Die Wissenschaftler untersuchten mit finanzieller Rückendeckung der Vodafone-Stiftung und der Stiftung Mercator Bildungsziele und -erfahrungen von Menschen mit Migrationshintergrund. Sie interviewten dazu 120 Menschen persönlich und führten 1.700 Telefoninterviews durch. Dabei ordneten sie die Probanden nach sozialer Lage und Lebensstil acht unterschiedlichen Milieus zu; von „religiös-verwurzelt“ bis „hedonistisch-subkulturell“.

Und sie stellten fest: Egal ob Moscheebesucher oder Partygänger, ehemaliger Gastarbeiter oder Intellektuelle – Bildung wird durchweg und von fast allen Befragten als Schlüssel für ein gelungenes Leben betrachtet. „Ein für uns überraschendes Ergebnis, denn im öffentlichen Diskurs ist ja oft von Bildungsfernen oder gar Verweigerern die Rede“, berichtet Heiner Barz, der den Bereich Bildungsforschung und Bildungsmanagement an der Uni Düsseldorf leitet. Diese Menschen möge es zwar geben, allerdings hätten die allermeisten Befragten hohe bis sehr hohe Bildungsaspirationen.

Diese treffen allerdings auf hohe Barrieren. So verzweifeln gerade schulunerfahrene MigrantInnen an der schlichten Unübersichtlichkeit der deutschen Schulsysteme. In der Schule selbst herrscht nach wie vor ein defizitär geprägter Blick auf Menschen mit Migrationsgeschichte.

„Welchen Sprache sprichst du?“, würden Kinder oft gefragt, erzählt Bouklloua aus dem Schulalltag. Und wenn die Kinder antworteten „Russisch, Arabisch oder Türkisch“, dann hieße es von Lehrern häufig: ach, das seien ja keine Fremdsprachen.

Das System Schule und die Lehrkräfte müssten sich interkulturell öffnen, fordert Bouklloua, der am beruflichen Gymnasium unterrichtete und derzeit als Landeskoordinator des Netzwerks „Lehrer mit Zuwanderungsgeschichte“ in Nordrhein-Westfalen abgeordnet ist. Rund 500 Lehrerinnen und Lehrer sind in dem Netzwerk organisiert – und es könnten deutlich mehr sein.

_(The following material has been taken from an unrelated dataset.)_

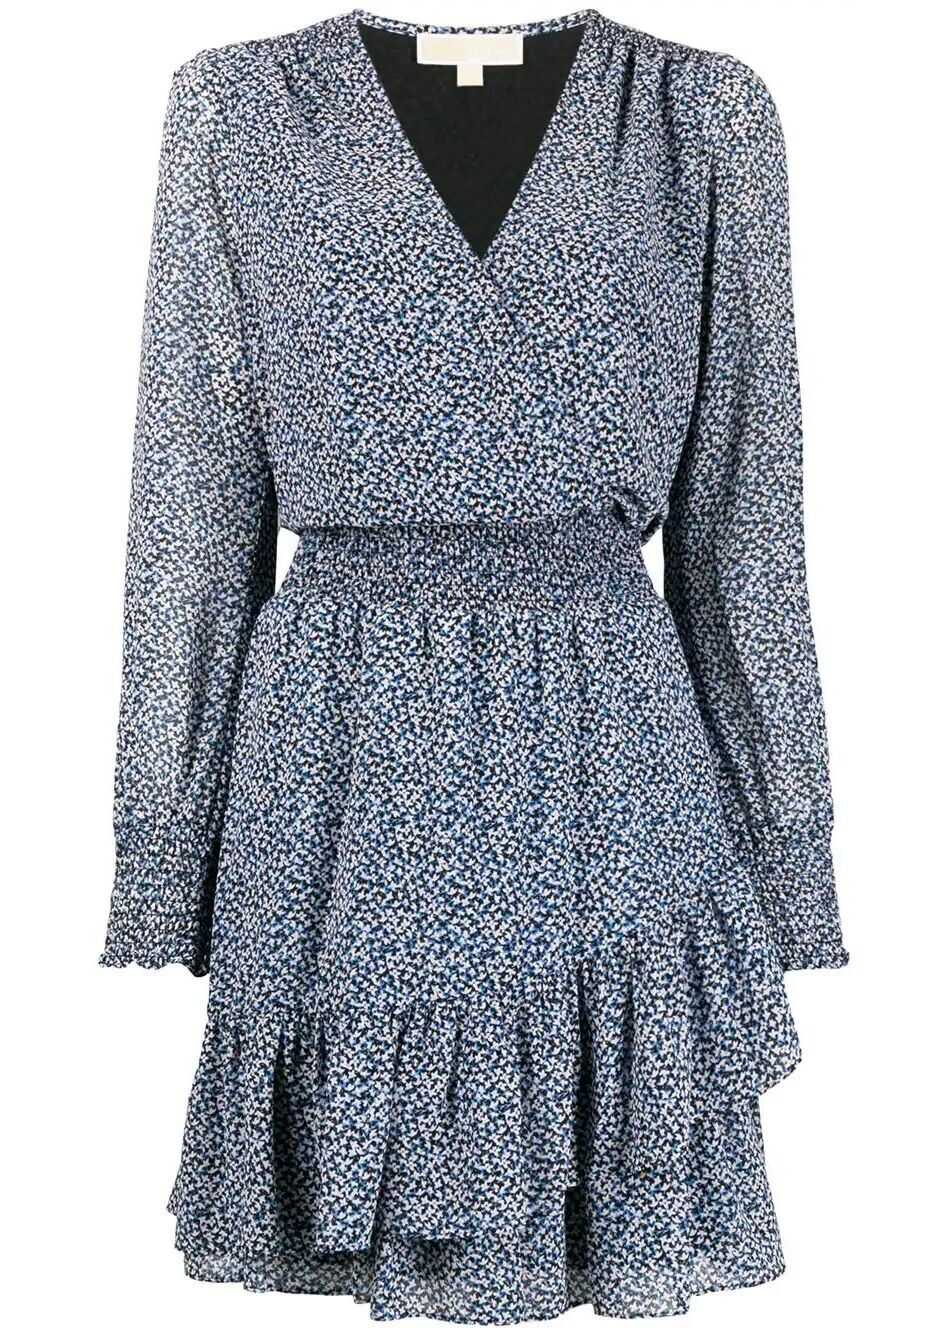 Michael Kors Synthetic Fibers Dress BLUE

Denn der Blick in die Lehrerzimmer zeige: Dort ist man oft noch weit entfernt von der kulturellen Vielfalt, die mittlerweile in vielen Klassenzimmer die Regel ist.

Auch die Befragungen offenbaren laut Studie eine „eklatante Diskrepanz zwischen den Erwartungen an die interkulturelle Sensibilität von Bildungseinrichtungen und der ernüchternden Schulrealität.“

So wünschen sich drei Viertel der befragten Eltern spezielle Informationsangebote für Eltern mit Migrationshintergrund – jedoch erlebt das etwa nur ein Fünftel an der Schule ihrer Kinder. Einen speziellen Deutschunterricht für Migranten halten über 80 Prozent für wichtig – rund 60 Prozent geben an, dass es so etwas nicht gibt.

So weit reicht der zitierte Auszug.